━━━ Information supplied ━━━

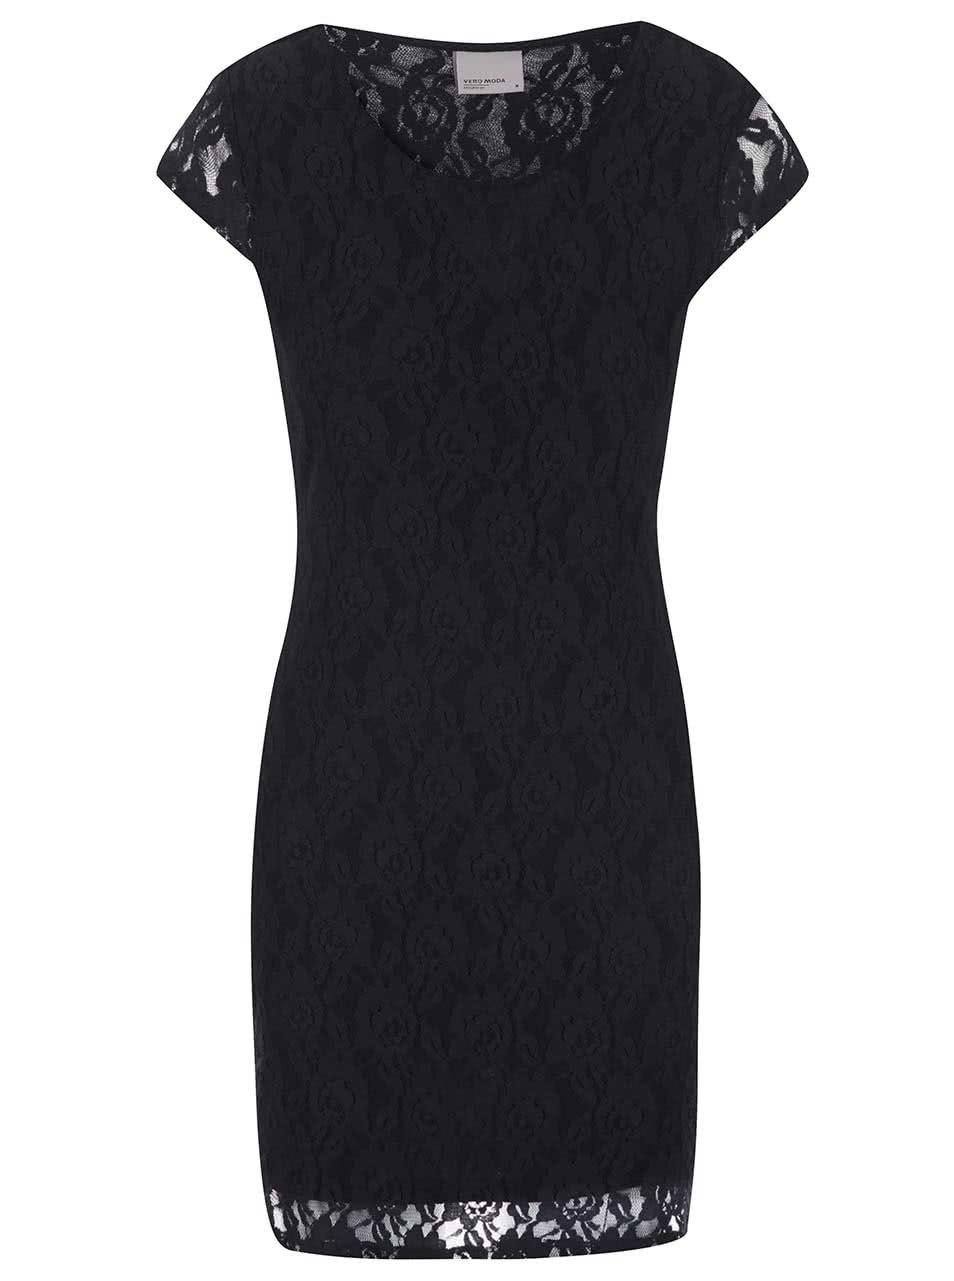 Černé krajkové šaty Vero Moda Lilly
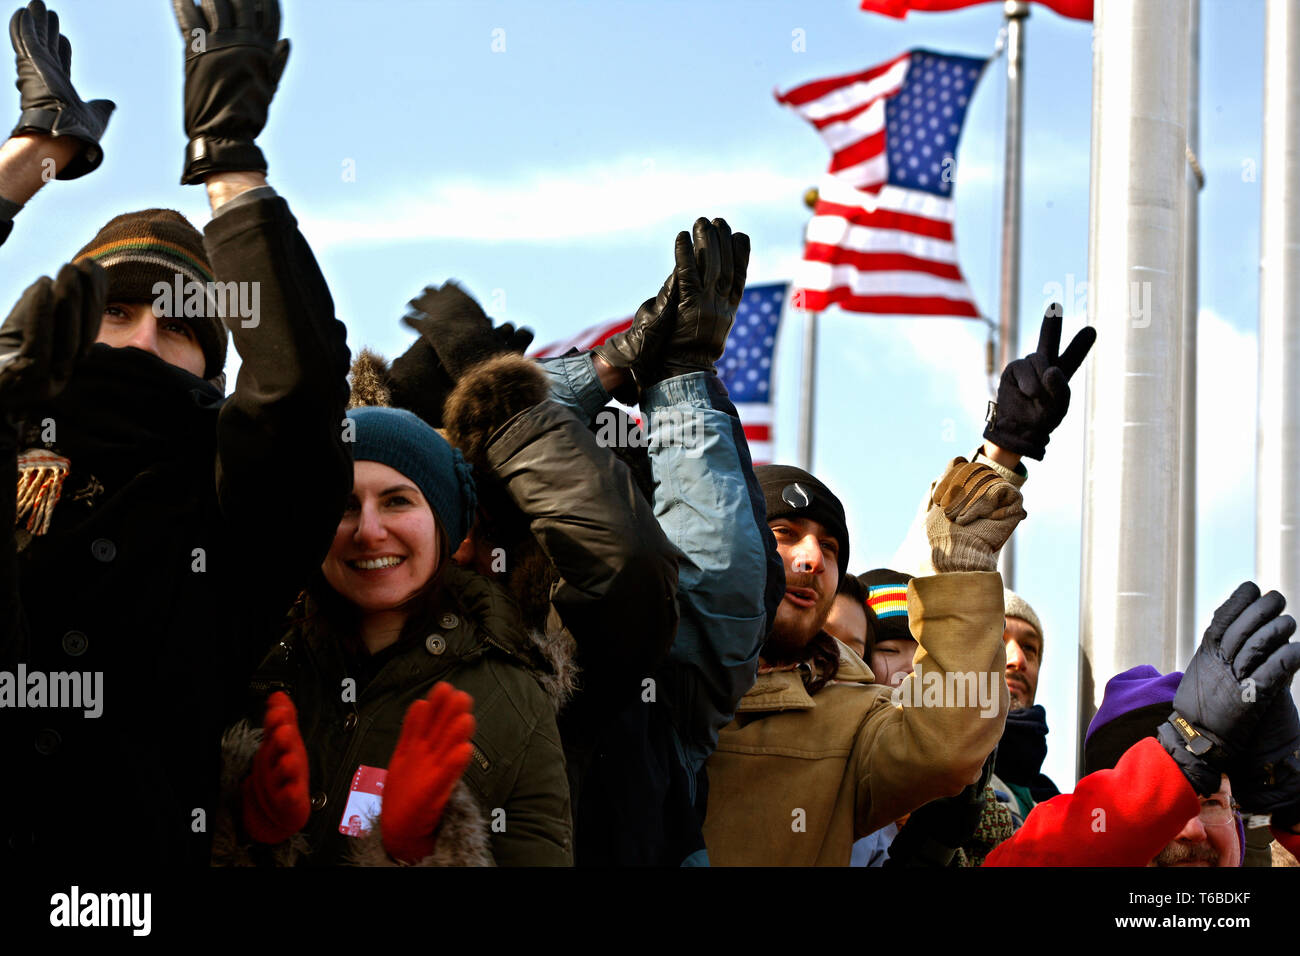 Die Eröffnung der 44. Präsident der Vereinigten Staaten. Amanda Stein, Megan Auburn, George Jünger, David Pinskey, Ilene Tran, Christine Tran und Akisan Gupta Anfeuern als Präsident Barack Obama seine Rede hält. Stockfoto
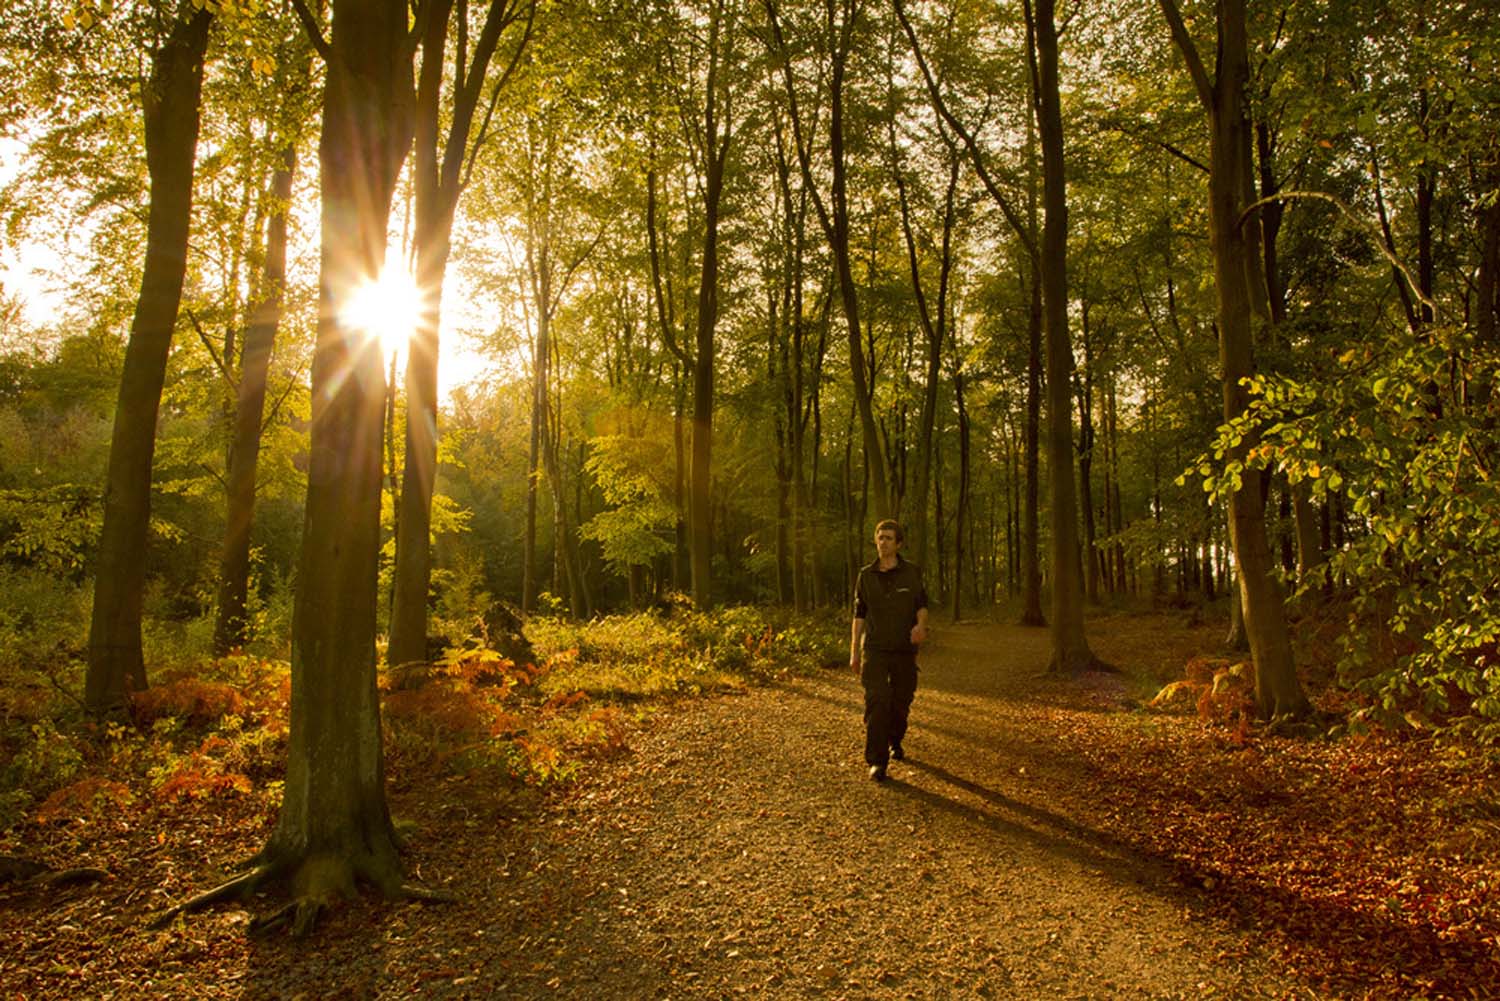 A man walks through the autumn trees at Beacon Hill

━━━

What you will do —
All the lines above should be reproduced exactly, and none of the pictures.

Solution to this exercise —
 Černé krajkové šaty Vero Moda Lilly
 Die Eröffnung der 44. Präsident der Vereinigten Staaten. Amanda Stein, Megan Auburn, George Jünger, David Pinskey, Ilene Tran, Christine Tran und Akisan Gupta Anfeuern als Präsident Barack Obama seine Rede hält. Stockfoto
 A man walks through the autumn trees at Beacon Hill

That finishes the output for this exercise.